I remember when a friend was spending time in waiting rooms while her daughter was undergoing treatment for a severe psychiatric disorder. She would only work on items that would be donated to charity. Her reason was if she worked on garments for her family or her home, every time she saw them she would be transported back to those dismal waiting rooms.

Another friend was with me when my stepfather died unexpectedly. We had a 6 hour drive shortly after where she put down the shawl that she had been working on and picked up a child's sweater she was knitting for charity. She wanted to finish the shawl and didn't want to be reminded of the sad occassion everytime she handled it thereafter.

There seems to be some of that going on with this shawl. Usually knitting is an enjoyable and relaxing activity for me....the rhythm of the repetitive movement, the feel and smell of the yarn, and watching the fabric below the needles grow are pleasures to enjoy.....something like chocolate. But this shawl has been more like....brussel sprouts. I like brussel sprouts well enough: on occassion, in small quantities, and with butter. But brussel sprouts are bitter and knitting this shawl has been one long diet of brussel sprouts.

So I'm feeling edgy right now as we wait to see how these changes in our lives are going to turn out.

Add to that the fact that eight of my inlaws are descending upon us for the Christmas holiday. These are people who tend to melt down after a 4-5 hour family get together. I can't wait to see what they do while spending 96 hours in close proximity....with 72 of them under my roof. Perhaps I'll include brussel sprouts in at least one of the meals!

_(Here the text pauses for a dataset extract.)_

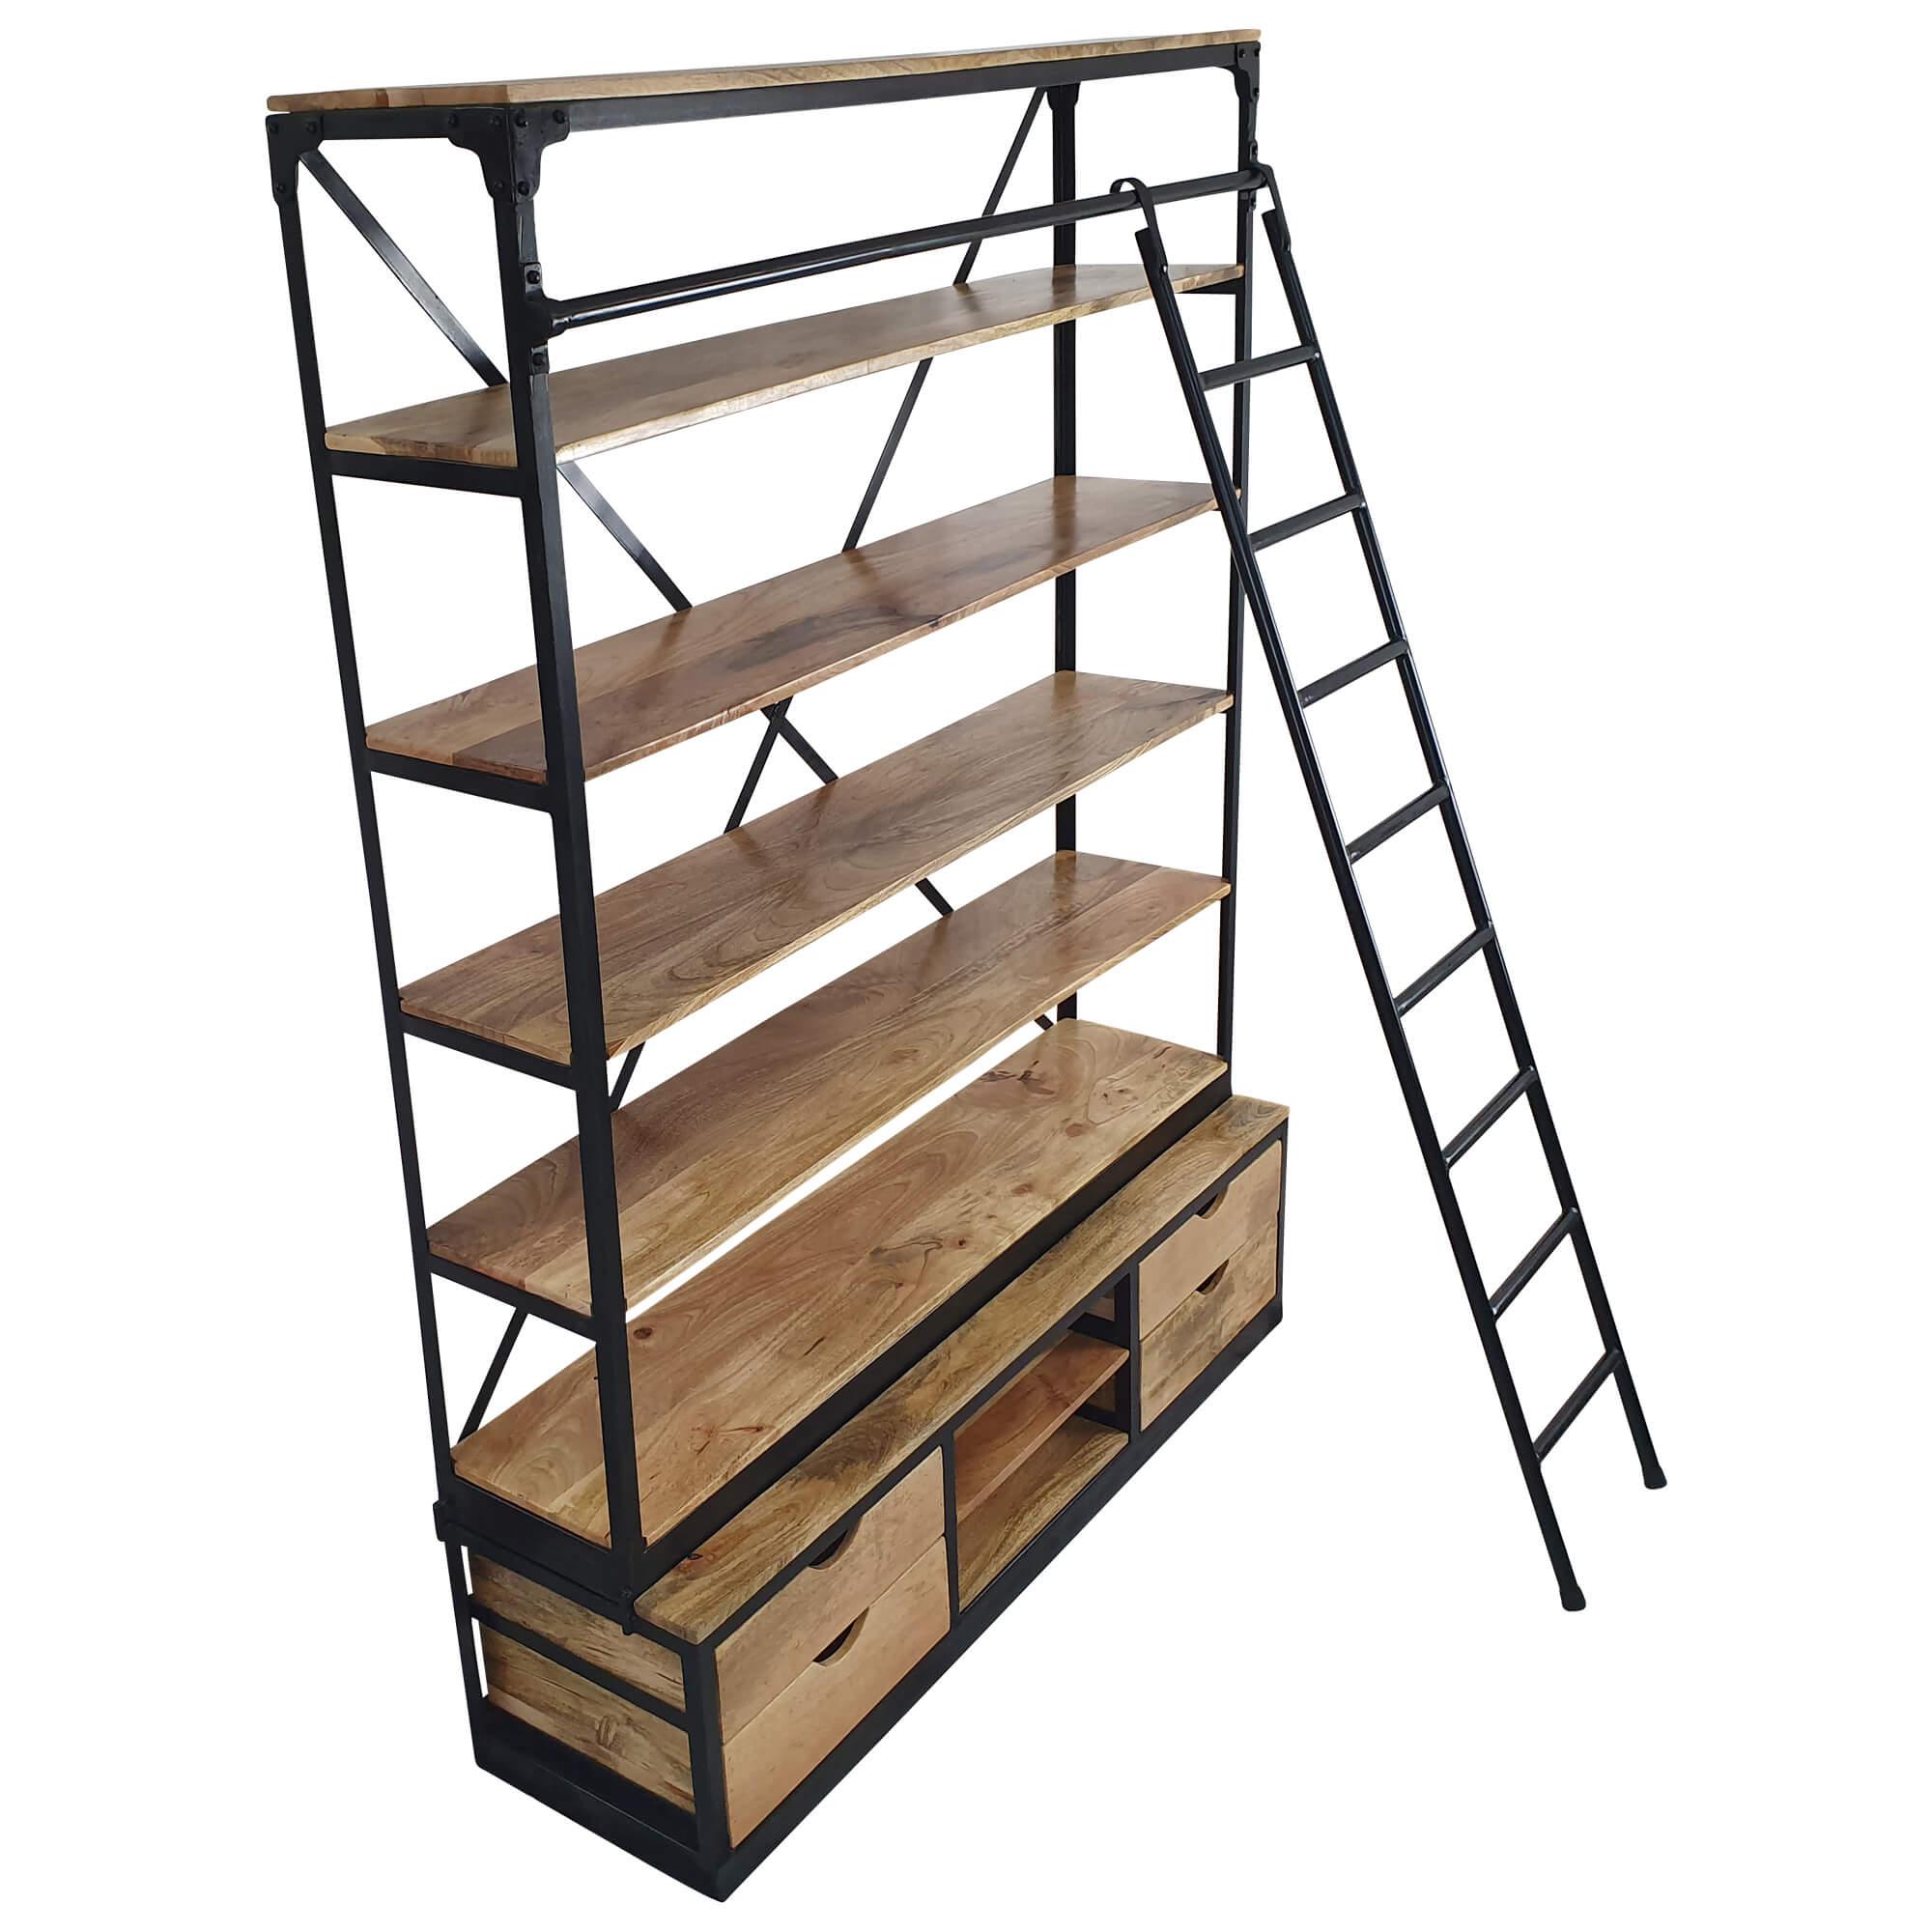 Full Size of Regalsystem Keller Metall Regal Holz Diy Caseconradcom Regale Bett Für Weiß Wohnzimmer Regalsystem Keller Metall

So here are my conclusions regarding this stole:
- There are a number of works in progress that I haven't touched since last spring. That was probably a good thing and I will be able to return to them with joy in the new year.
- Once this stole is finished, I will work on charity knitting until things are brighter and more certain.
- I will make no hasty judgements about the disposition of Print O' the Wave...it was originally to be for me. We'll see if I care to keep it after it is set aside for awhile.

And I will dream about the red swallowtail shawl that I want to knit and own. It will be a victory shawl that commemorates the good health we've achieved in this household by eating our brussel sprouts!